- Company Name
- Lundbeck
- Job Title
- Data Scientist AI Analytics, Strategy, and Activation
- Job Description
-
**Job Title:** Data Scientist, AI Analytics, Strategy & Activation
**Role Summary:**
Design, develop, and deploy AI/ML models to support Lundbeck US’s AI strategy, drive commercial growth, and optimize business processes.
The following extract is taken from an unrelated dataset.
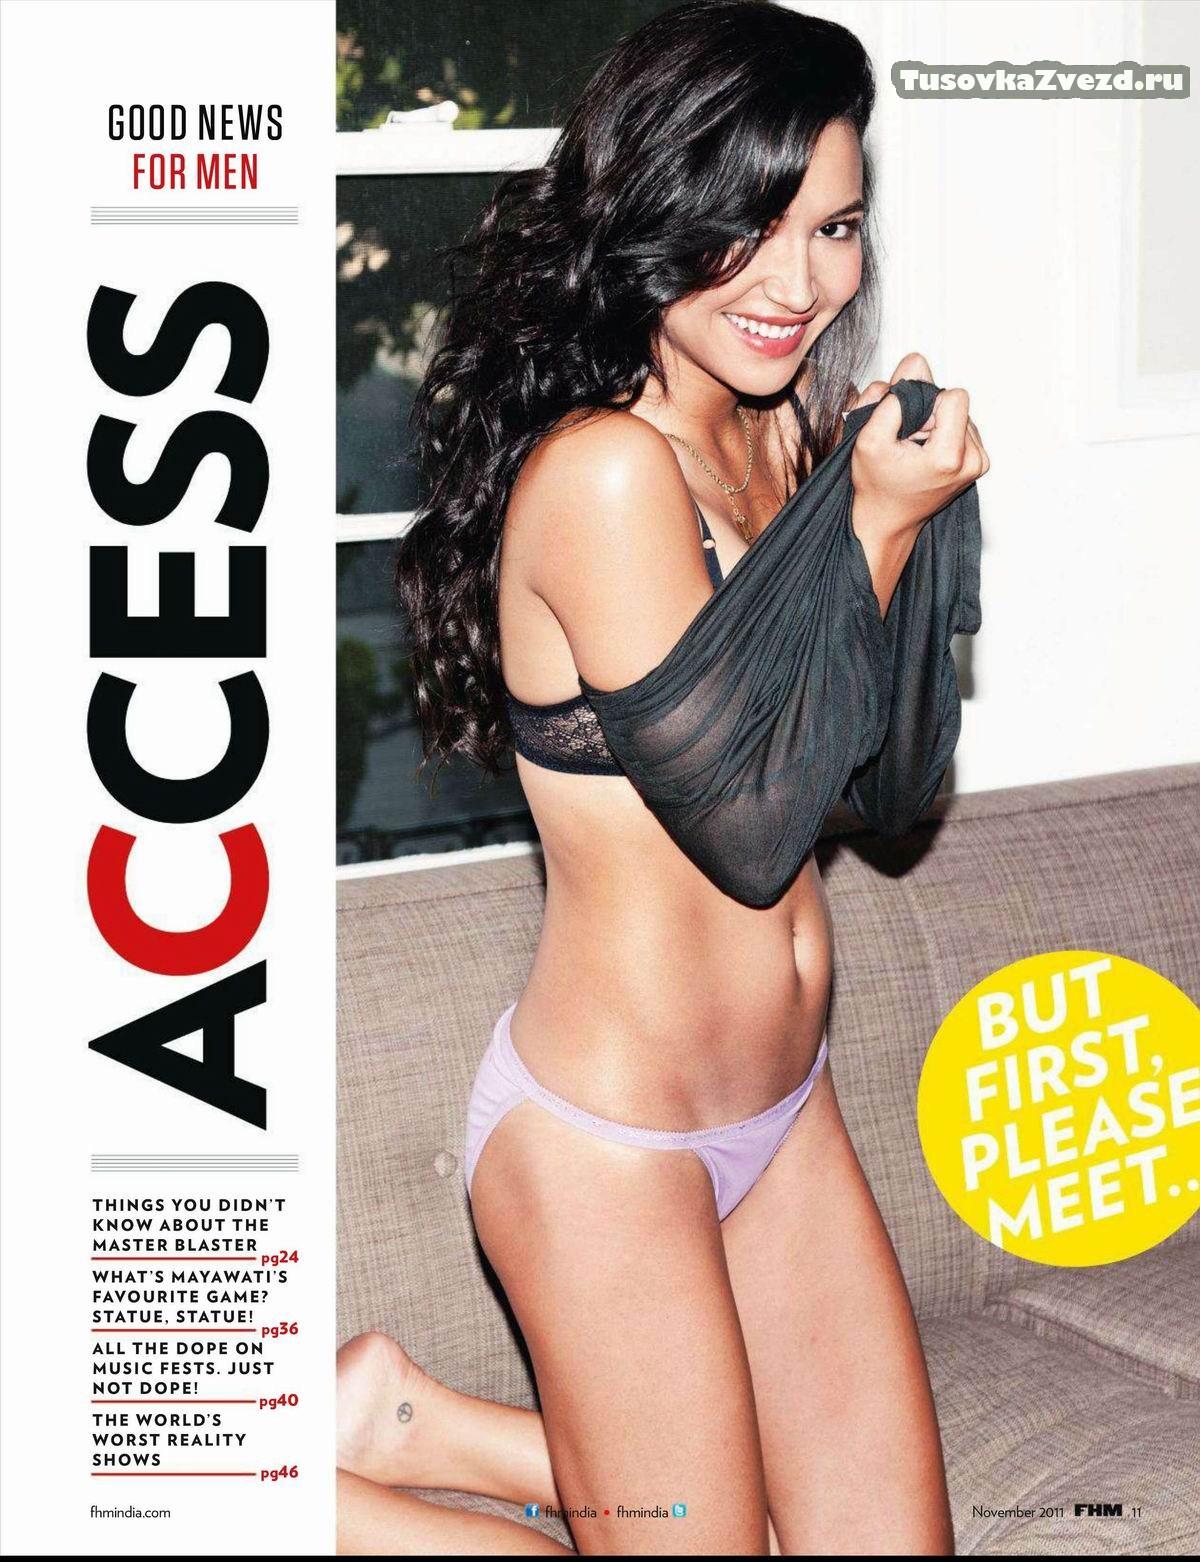 Ная Ривера (Naya Rivera) фото в журнале FHM Индия, ноябрь 2011

Serve as a technical liaison between business stakeholders and AI teams, ensuring models deliver measurable value and align with strategic priorities.
**Expectations:**
- Deliver high‑quality AI solutions that meet defined business objectives.
- Maintain model performance post‑deployment and iterate based on evolving needs.
- Communicate technical concepts clearly to non‑technical audiences.
- Manage multiple projects, vendor resources, and cross‑functional collaborations.
- Stay current with AI research and apply emerging techniques where beneficial.
**Key Responsibilities:**
- Design, train, test, and implement AI/ML algorithms (including neural networks, reinforcement learning, unsupervised learning).
- Perform data exploration, preprocessing, feature engineering, and model fine‑tuning for production.
- Deploy models using cloud platforms and MLOps pipelines; monitor and improve performance.
- Document models, methodologies, and best practices; share knowledge across the organization.
- Translate business requirements into technical specifications; guide vendor or technical staff on issue resolution.
- Contribute to the overall AI strategy and identify new AI use cases across functions.
- Partner with Advanced Analytics and Omnichannel Customer Engagement teams to enhance operational efficiency.
- Support business requirement gathering, solution development, and implementation with cross‑functional teams.
**Required Skills:**
- Predictive modeling & machine‑learning techniques: clustering, multivariate regression/tree‑based analysis, neural networks, reinforcement learning, Bayesian/Monte Carlo/bootstrapping.
- Programming: Python, R, or Java.
- Experience with NLP, deep learning, and large language models (LLMs).
- Cloud platforms (AWS, Azure, GCP) and MLOps tools for model deployment.
- Version control (Git).
- Strong analytical, problem‑solving, and independent work capabilities.
- Excellent oral and written communication; ability to convey technical concepts to non‑technical stakeholders.
**Required Education & Certifications:**
- Bachelor’s degree in a quantitative discipline (e.g., Computer Science, Data Science, Statistics, Engineering, Mathematics, Economics) from an accredited institution.
- Minimum 4 years of experience in AI/ML model development, deployment, and optimization for marketing, sales, or commercial initiatives.
*Preferred (not required):* project leadership experience, pharmaceutical/biotech industry background, familiarity with pharmaceutical datasets (patient, claims, EHR, demand), knowledge of GxP/ALCOA+ regulatory standards.